- Sajan Raj Kurup
- Born: India
- Occupations: Entrepreneur, film producer, former advertising executive
- Years active: 1996–present
- Organization(s): Creativeland Asia, Ventureland Asia, Creativeland Studios
- Known for: Founder of Creativeland Asia Group

= Sajan Raj Kurup =

Indian entrepreneur, film producer, and advertising executive

Sajan Raj Kurup is an Indian entrepreneur, film producer, creative director, and former advertising executive. He is the founder and chairman of Creativeland Asia, an independent communications network established in 2007, and the founder of Ventureland Asia, an investment platform.

== Career ==

=== Advertising and Creativeland Asia ===
Kurup began his advertising career in 1996, holding creative positions at agencies including Mudra Communications, Leo Burnett, and Grey Worldwide. In 2003, he served as Regional Creative Director for South East Asia at Grey Worldwide.

In 2007, he founded Creativeland Asia, an independent creative and strategy firm headquartered in Mumbai.
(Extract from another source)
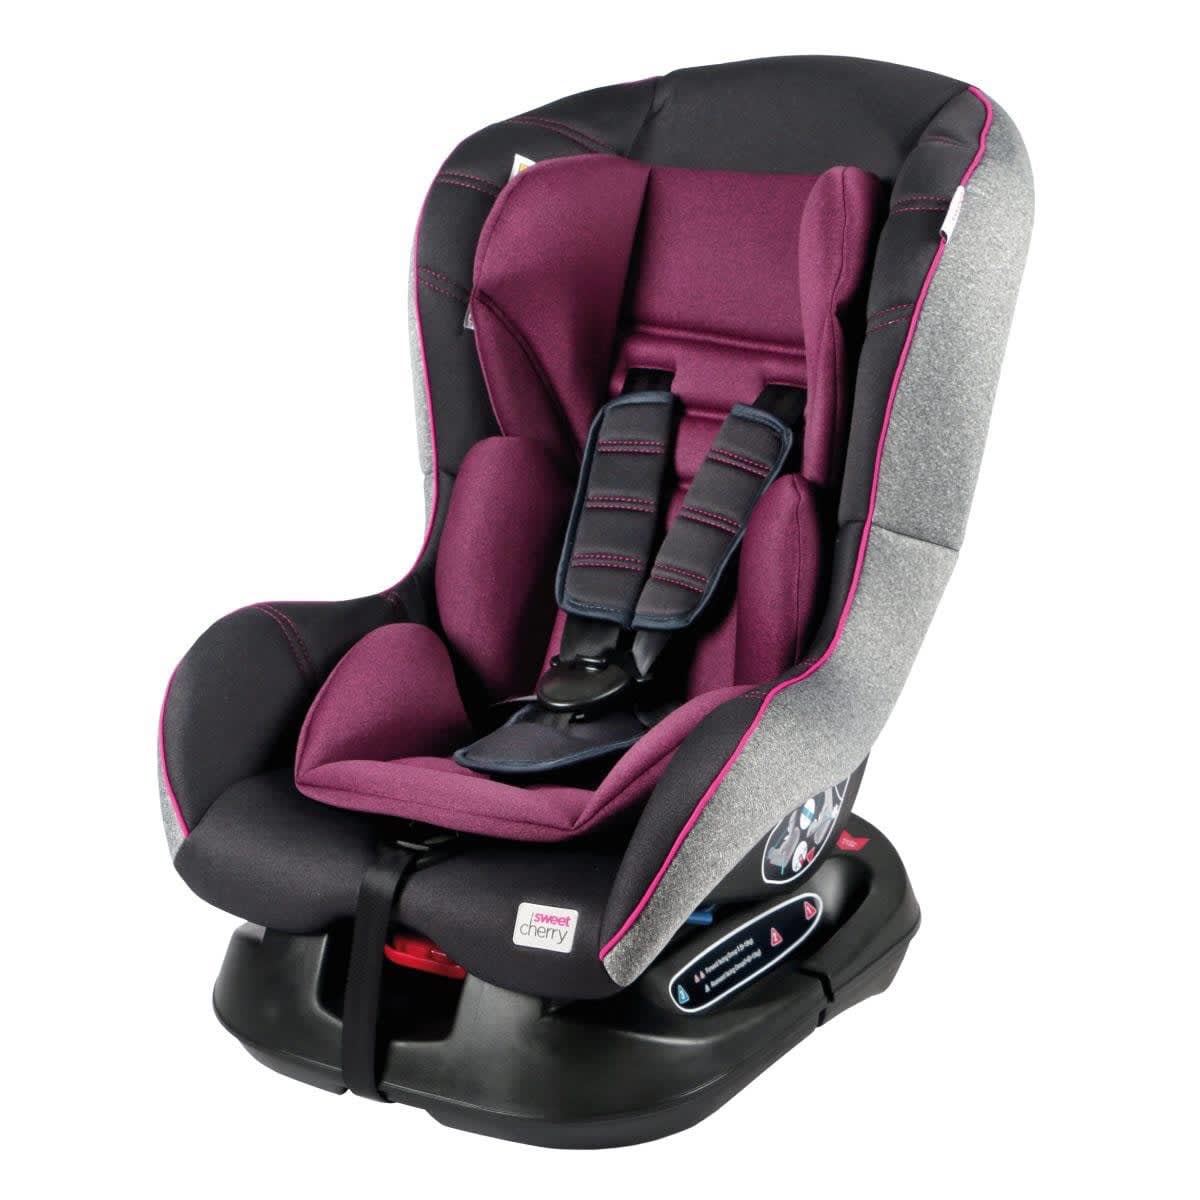 Sweet Cherry Convertible Infant Baby Car Seat-1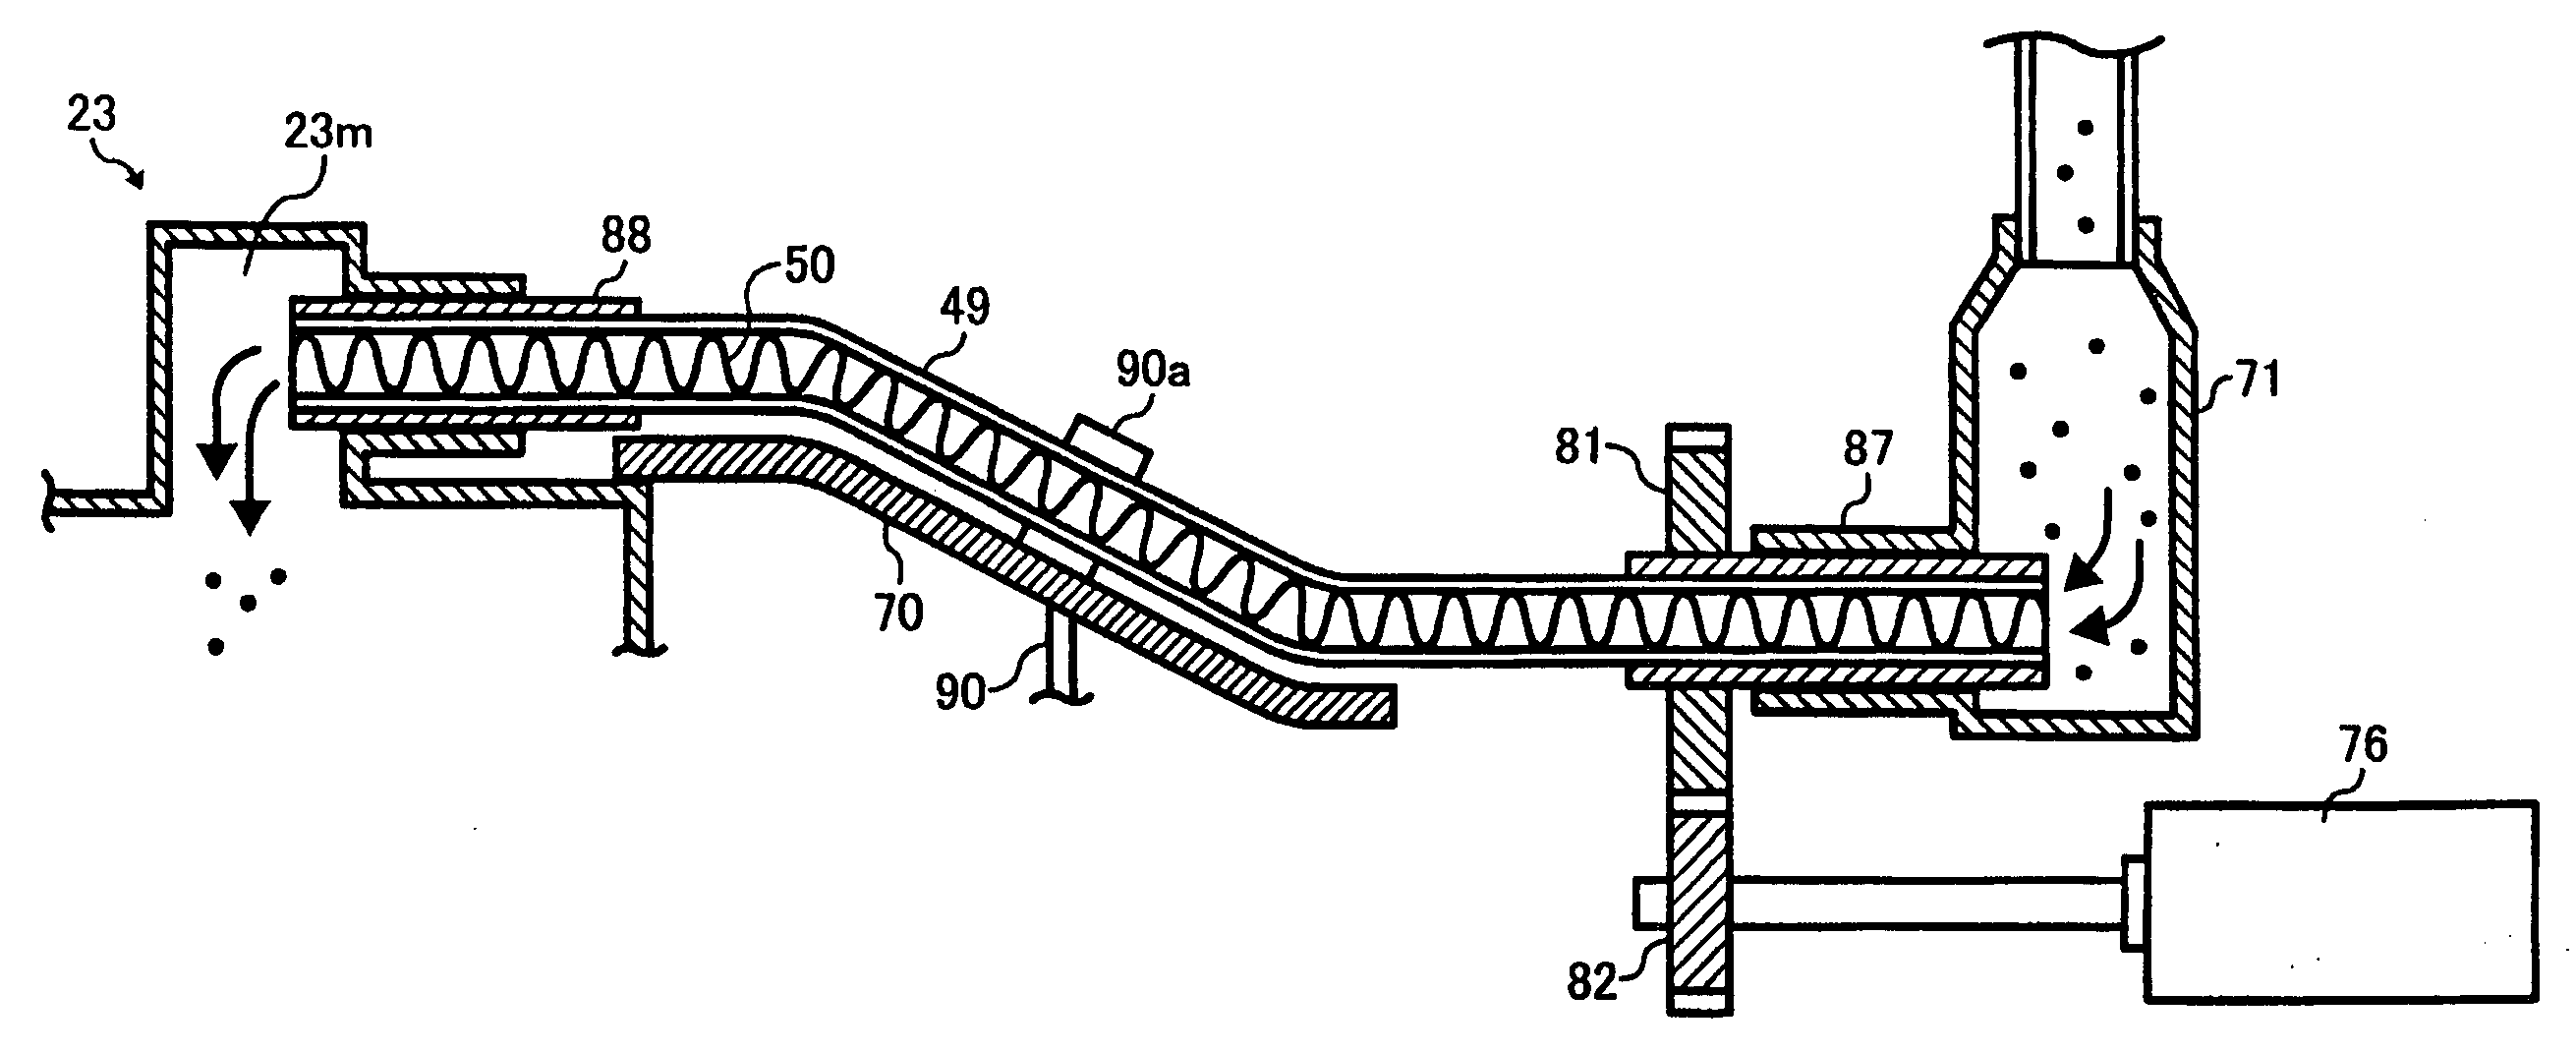 Image forming apparatus having an improved developer conveying system

Under his direction, the agency managed brand strategies and communications for major national and international brands. In 2013, Kurup withdrew Creativeland Asia from participating in the Abby Awards over concerns regarding industry jury evaluation processes.

In June 2023, Creativeland Asia Network acquired a strategic stake in the London-based firm Creators Entertainment Group.

=== Ventureland Asia and Media Production ===
In 2016, Kurup established Ventureland Asia, an investment platform targeting early-stage technology, media, and consumer brands. Through Ventureland Asia, he led investments and acquisitions, including securing a controlling stake in MW.Com India, publisher of Rolling Stone India.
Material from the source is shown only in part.